The literature does not directly address the question of spectral coherence under volatility/liquidity shocks. Our finding that the 2020 COVID-19 shock reduced dimensionality to 1 factor, rather than fragmenting the spectrum, is novel. This suggests that extreme volatility induces a simplification of the covariance structure—a single dominant risk factor overwhelms sector and style differentiation—rather than a collapse into noise. This is consistent with the empirical observation that correlations spike toward 1 during crises, but it provides a spectral-theoretic quantification: the second eigenvalue falls below the MP bound, leaving only the market factor as statistically significant.

Limitations

  1. Small universe: 10 assets is a minimal test case. The Marchenko-Pastur bound is sensitive to the q-ratio (n_obs / n_assets = 0.003 here, implying a very large sample relative to dimensionality), which makes the test conservative. A larger universe (50–100 assets) would provide a more realistic q-ratio and potentially reveal additional weak factors or finer cluster structure as in [P2].

  2. In-sample regime detection: The per-year factor counts are computed in-sample within each year. This does not test whether a factor structure estimated in year t predicts covariance in year t+1. An out-of-sample rolling-window test (e.g., estimate on years t−2 to t, validate on year t+1) would distinguish genuine regime persistence from in-sample overfitting.

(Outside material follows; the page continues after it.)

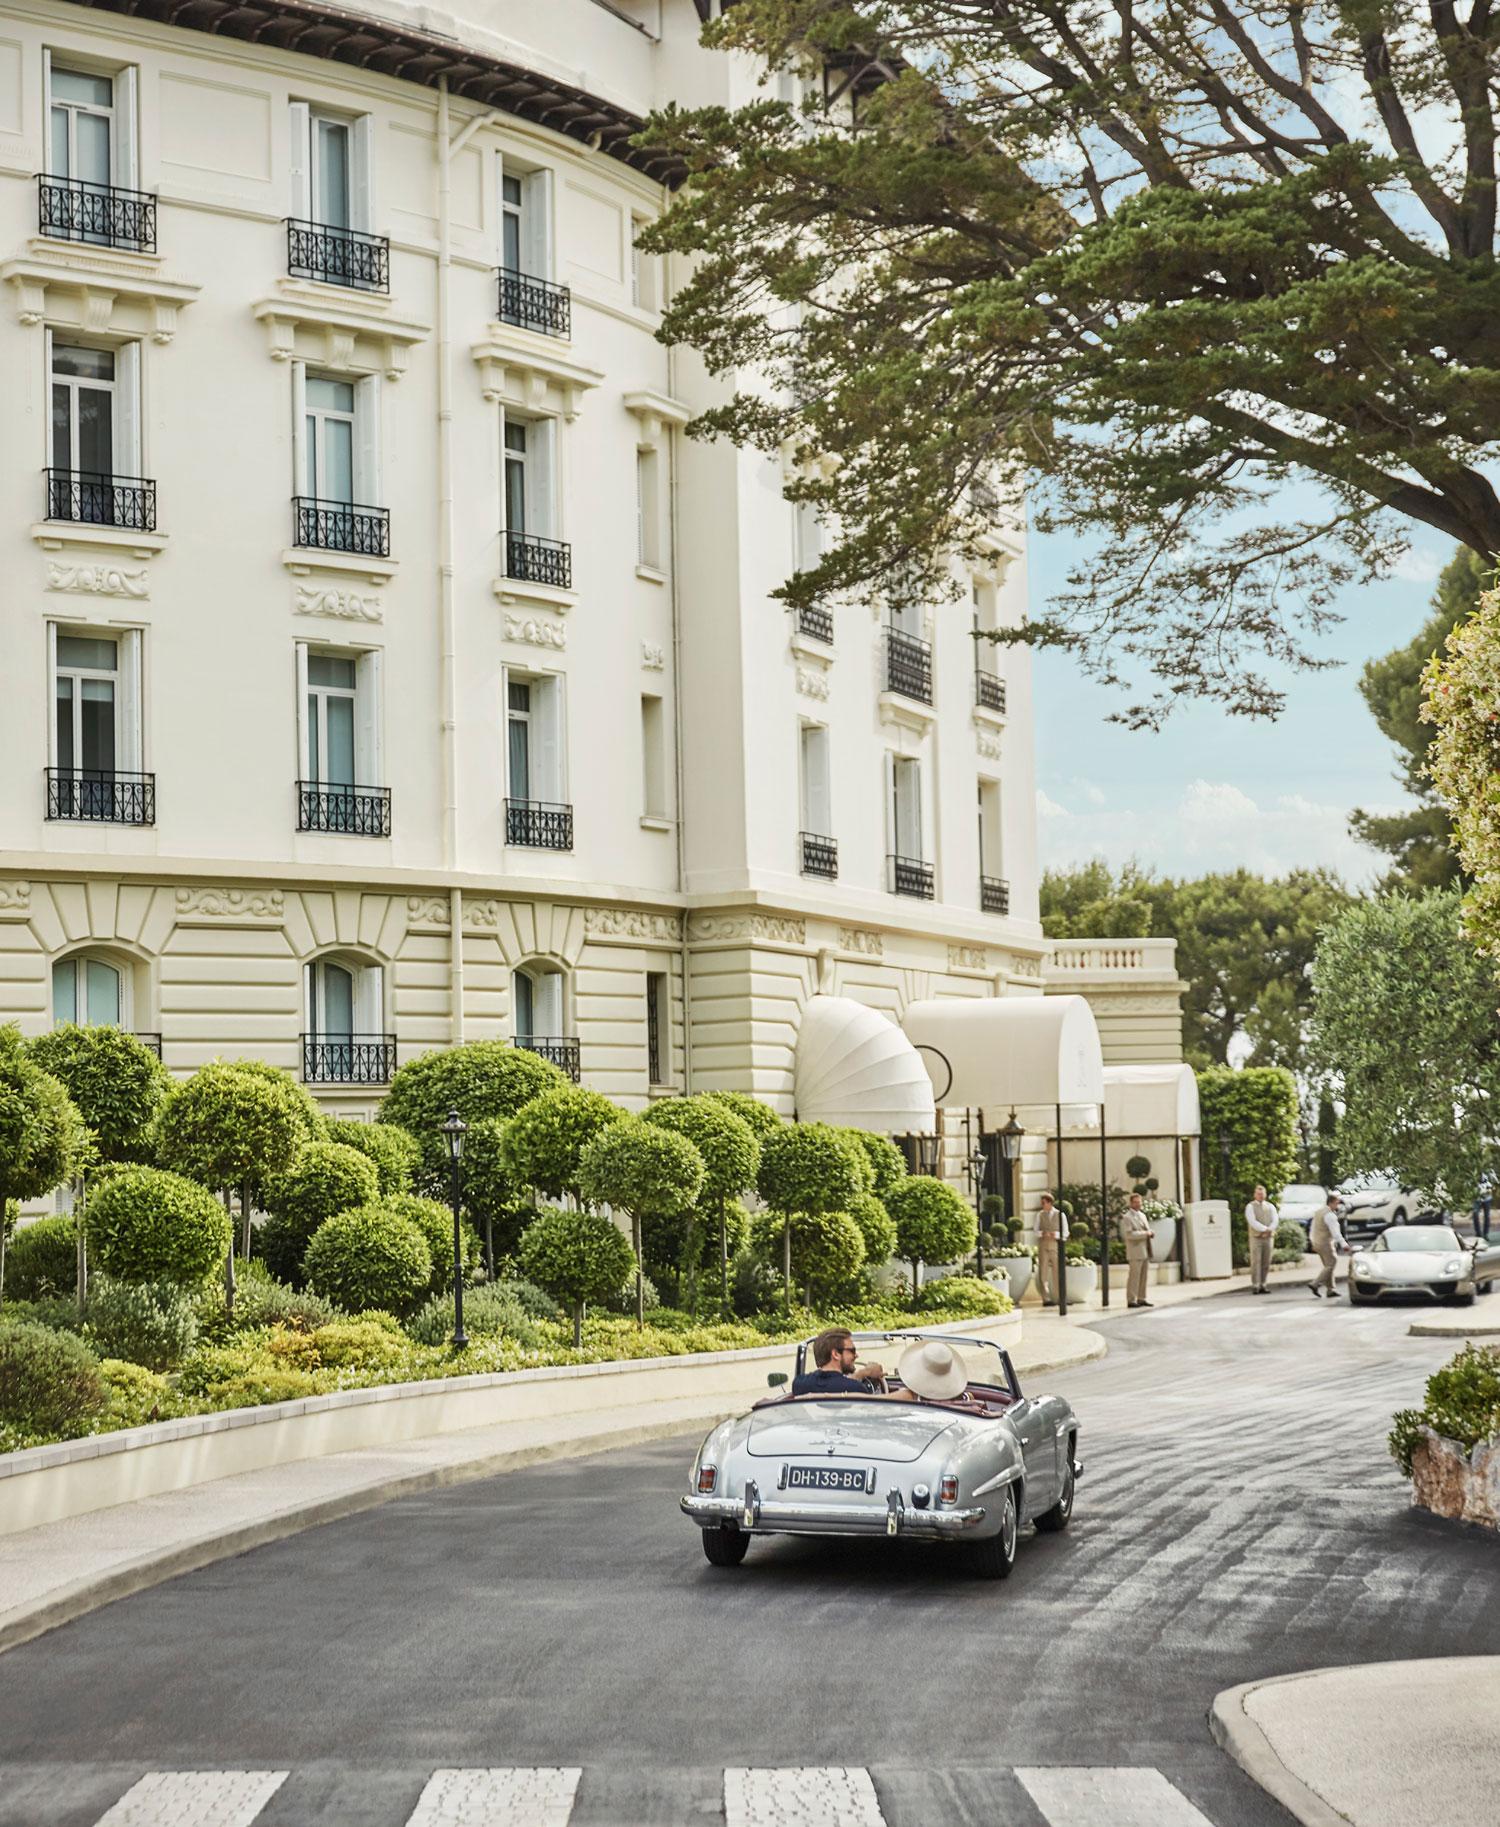 Grand Hotel du Cap Ferrat Four Seasons Hotel south of france French riviera

  3. Single asset class: The universe is restricted to large-cap US equities. The spectral structure of a multi-asset portfolio (equities, bonds, commodities) or a global equity universe (US, Europe, Asia) may exhibit different dimensionality and regime dependence.

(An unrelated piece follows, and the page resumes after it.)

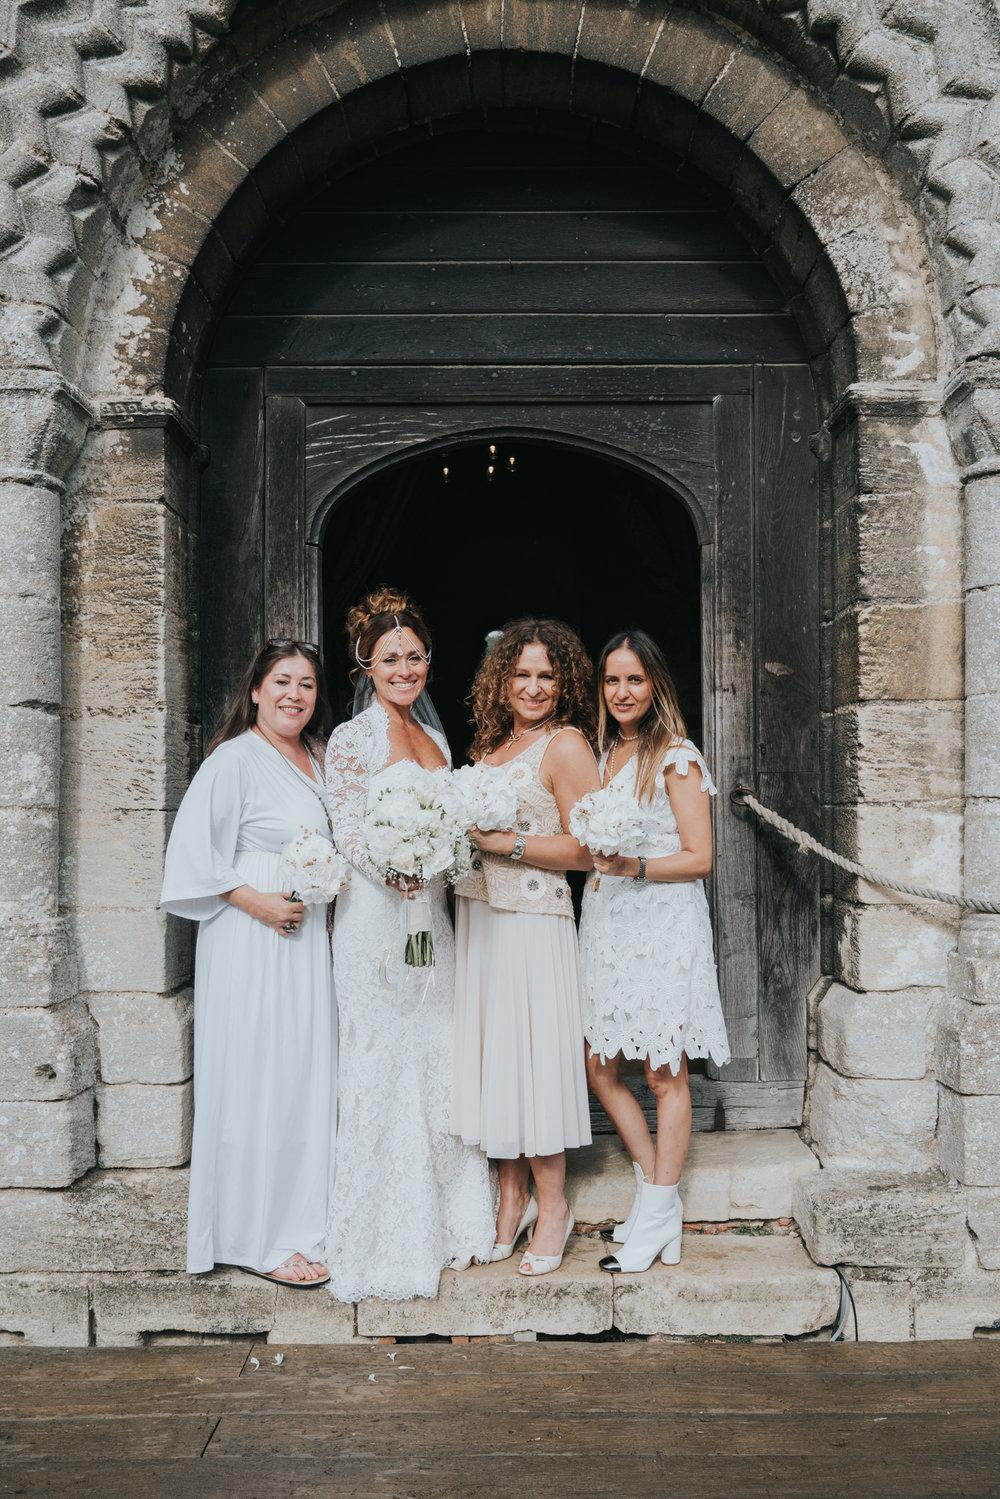 grace-elizabeth-boho-wedding-headingham-castle-essex-wedding-photographer-60.jpg

  4. No macroeconomic covariates: The analysis does not condition on observable regime variables (VIX, credit spreads, liquidity measures). Regressing the factor count or top eigenvalue on such covariates would test whether spectral transitions are predictable from macro conditions.

  5. Eigenvalue spacing and universality: Random matrix theory predicts not only the bulk distribution (MP) but also the spacing distribution of eigenvalues (e.g., Wigner surmise). Testing whether the 8 sub-MP eigenvalues follow the expected spacing distribution would provide additional evidence that they are noise-driven.

  6. Factor rotation and interpretation: PCA eigenvectors are orthogonal by construction, but economically meaningful factors (e.g., Fama-French factors) need not be orthogonal. A rotation to maximize interpretability (e.g., varimax) or a comparison to known factor models would strengthen the economic interpretation of Factor 1 and Factor 2.

Strengthening the result would require: (i) expanding the universe to 50+ assets to test robustness of the 2-factor structure; (ii) implementing an out-of-sample validation of regime persistence; (iii) conditioning the spectral analysis on observable macro/liquidity variables; and (iv) comparing the PCA factors to established factor models (market, size, value, momentum) to assess whether the 2 significant factors are rotations of known priced risks.


Research evidence, not investment advice.